The G9.II is the same size as the S5 series. About right regardless of sensor. Could it have been a little smaller and lighter? Yep, but not by much and why? Tiny little cameras are cute and great for tourists, but tend to have short runs.
Actually it is really great as I use both and do not have to stuff around changing rigging gear and handling “hats” when switching between the two. The G9.II ironically gains some useful buttons that the S5 lacks due to the larger mount, so you could argue by comparison, the S5/S5II’s are maybe too small and the looming S1H mk2 will prove that out.
The G9.I is simply the most comfortable and ergonomically balanced camera I have ever owned-period. It has a top screen, buttons for everything and fits my (and most other) hands perfectly (some of it’s biggest . Add in comprehensive customisation and tank-like build and you have a classic, a classic people seem to forgive its “oversized” footprint.
Smaller handed people have had to put up with over-sized cameras for most of their lives, but now apparently, just because the sensor is smaller, some cams are faulty by design.
The image quality thing is only a thing in the imaginations of the unaware.
The ISO thing is real, but balanced by lens design, speed and greater depth of field (that is more depth of field, which is a good thing sometimes), resolution handled for many situations by hi-res modes, stabe a cut above and more.

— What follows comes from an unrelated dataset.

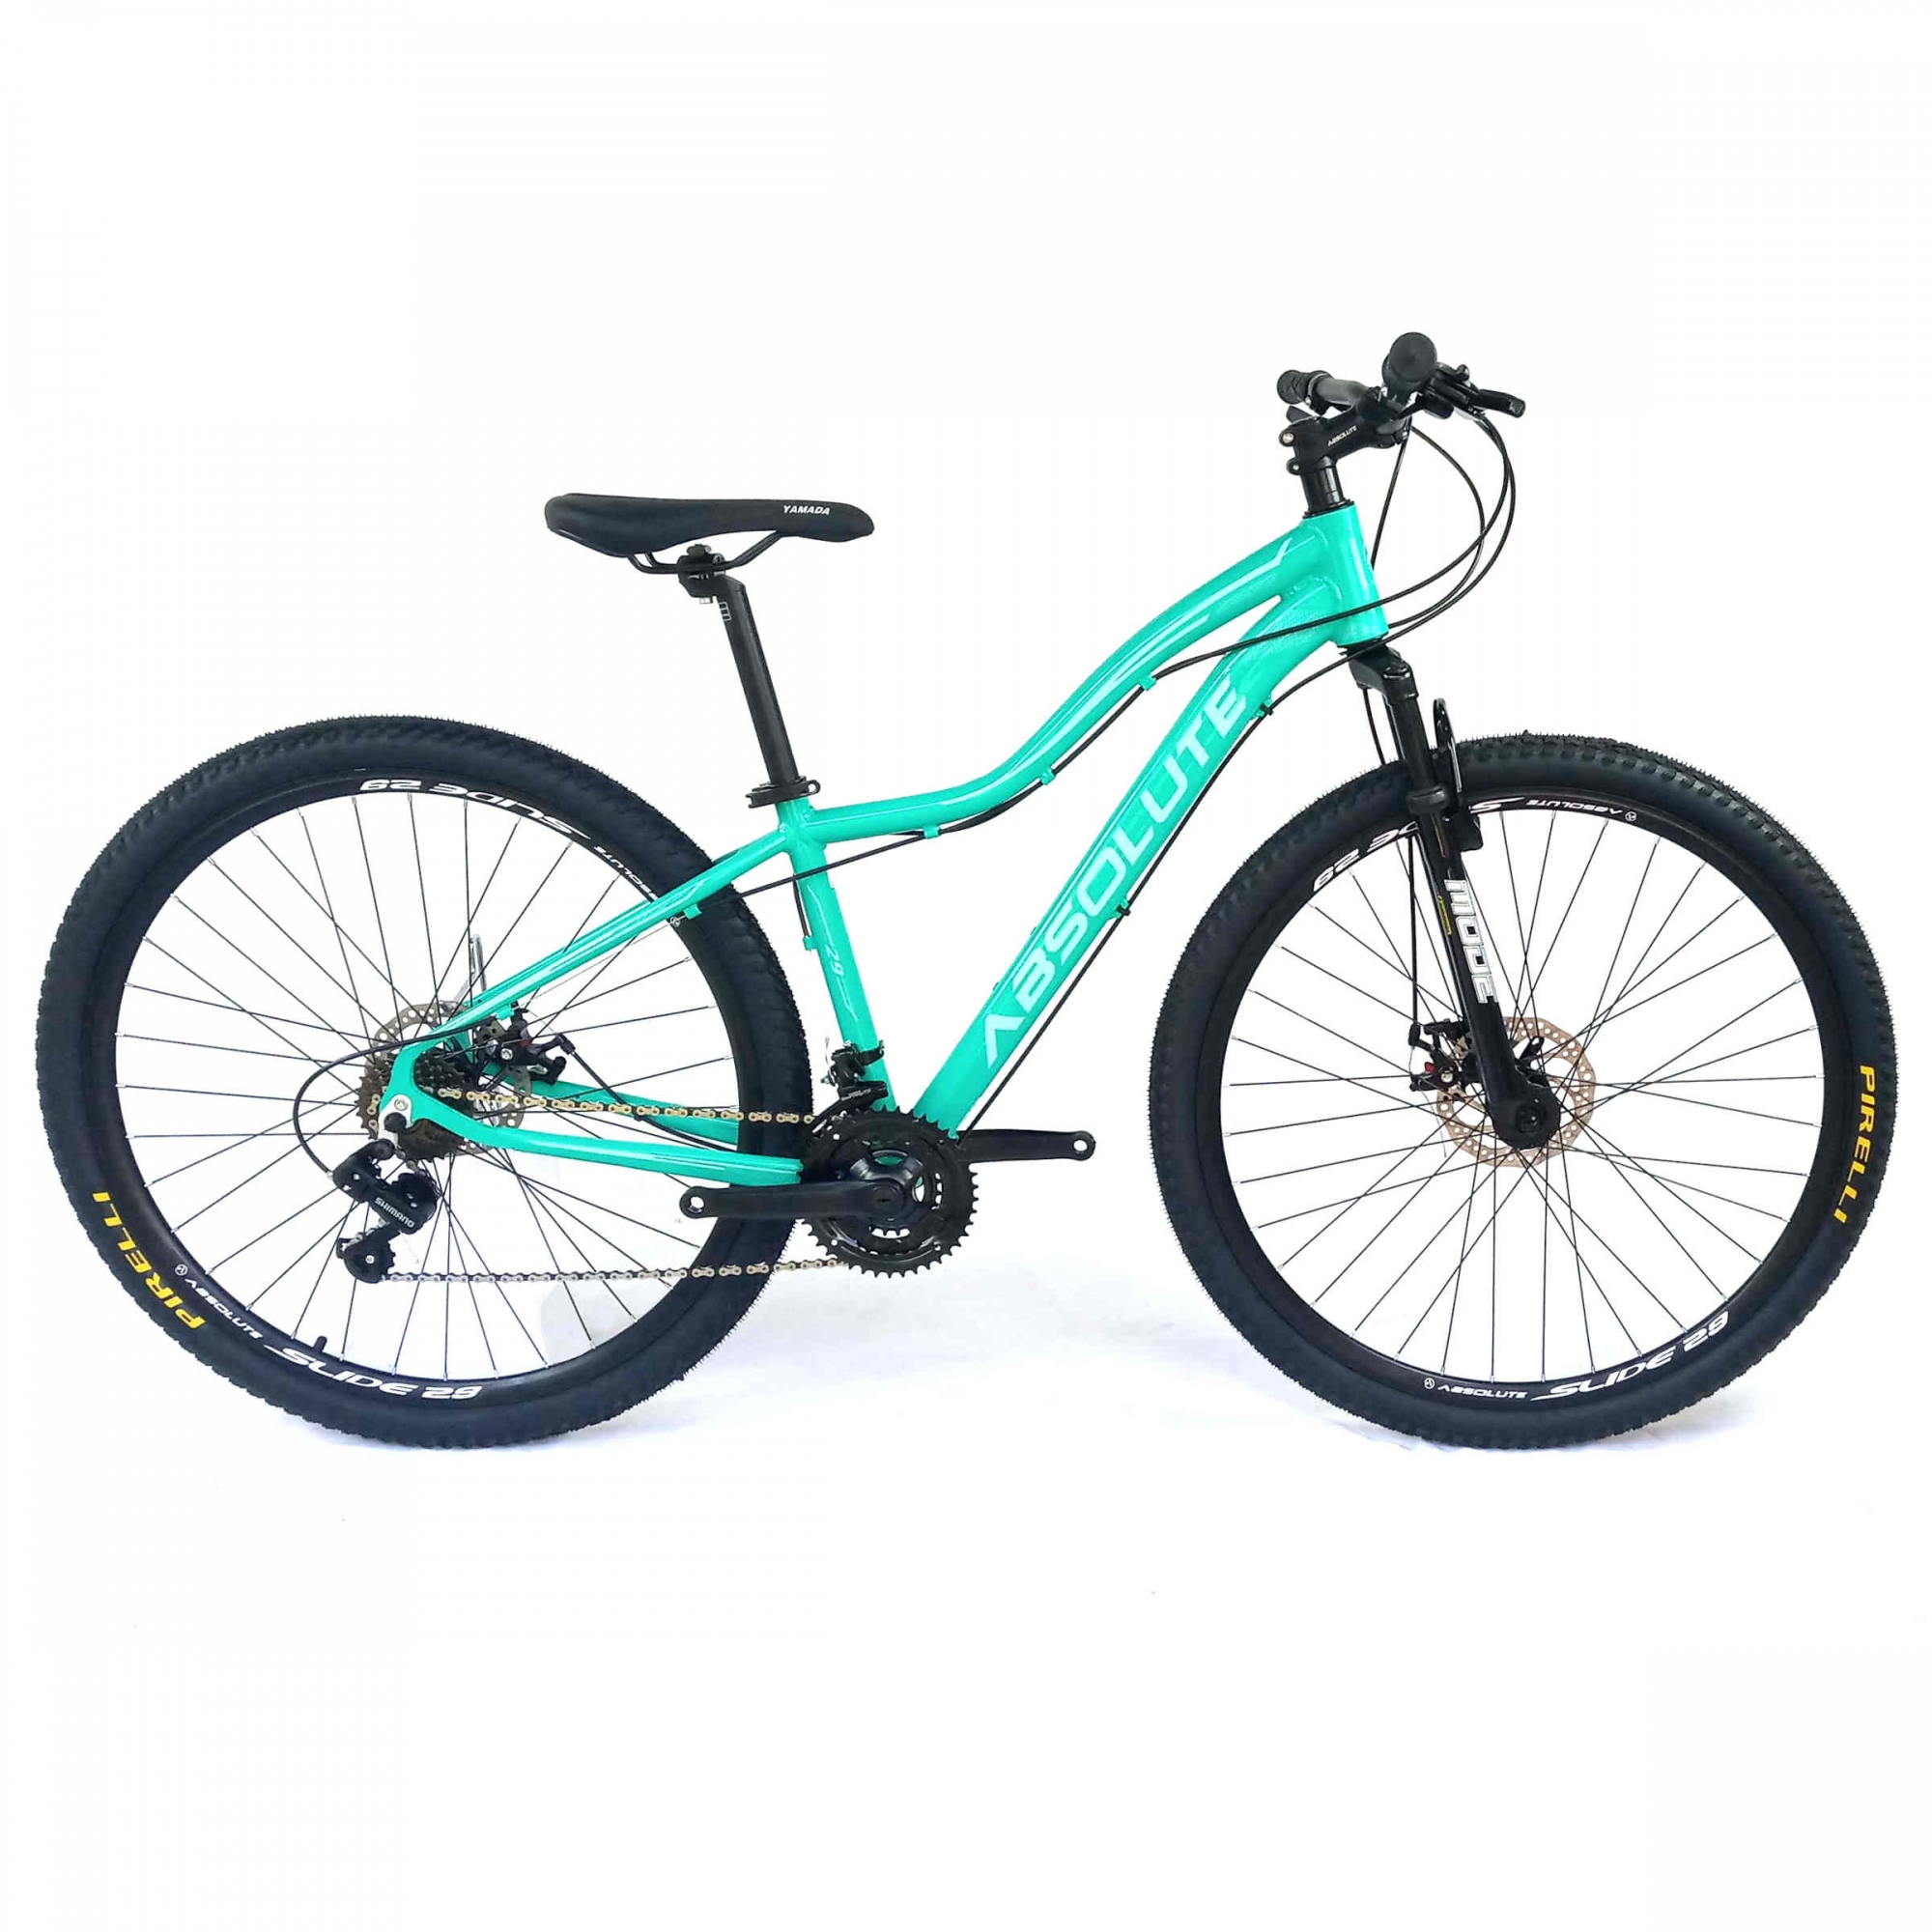 Bicicleta Absolute Hera Aro 29 Feminina  Azul

Even in video, MFT falls closer to S35 than full frame, which in Hollywood is a lot rarer than we often realise.
The image quality is good……. .
The “but” is a thing that really rankles and I am sick of thinking abut it, but still do unfortunately. A bigger sensor can offer better high ISO performance, but that is not the whole story. Lens options, extra DOF, better stabilising and less obvious movement blur all shorten the gap.
The bigger sensor and/or more pixels can theoretically provide better maximum potential image quality, but I am yet to reach a point where M43 cannot do the job.
Sharper? Clearer or “finer”?
People respond to the superior “quality” of some of my images, quality that sometimes steals the show, quality that instills confidence, provides legitimacy, heartens my soul. This quality is not “great with some caveat” , just great.
If you look at what makes a decent image, light, techniqiue, DOF selection, lens quality (and “qualities”), subject and composition are at the top of the list, what sensor size you use is not.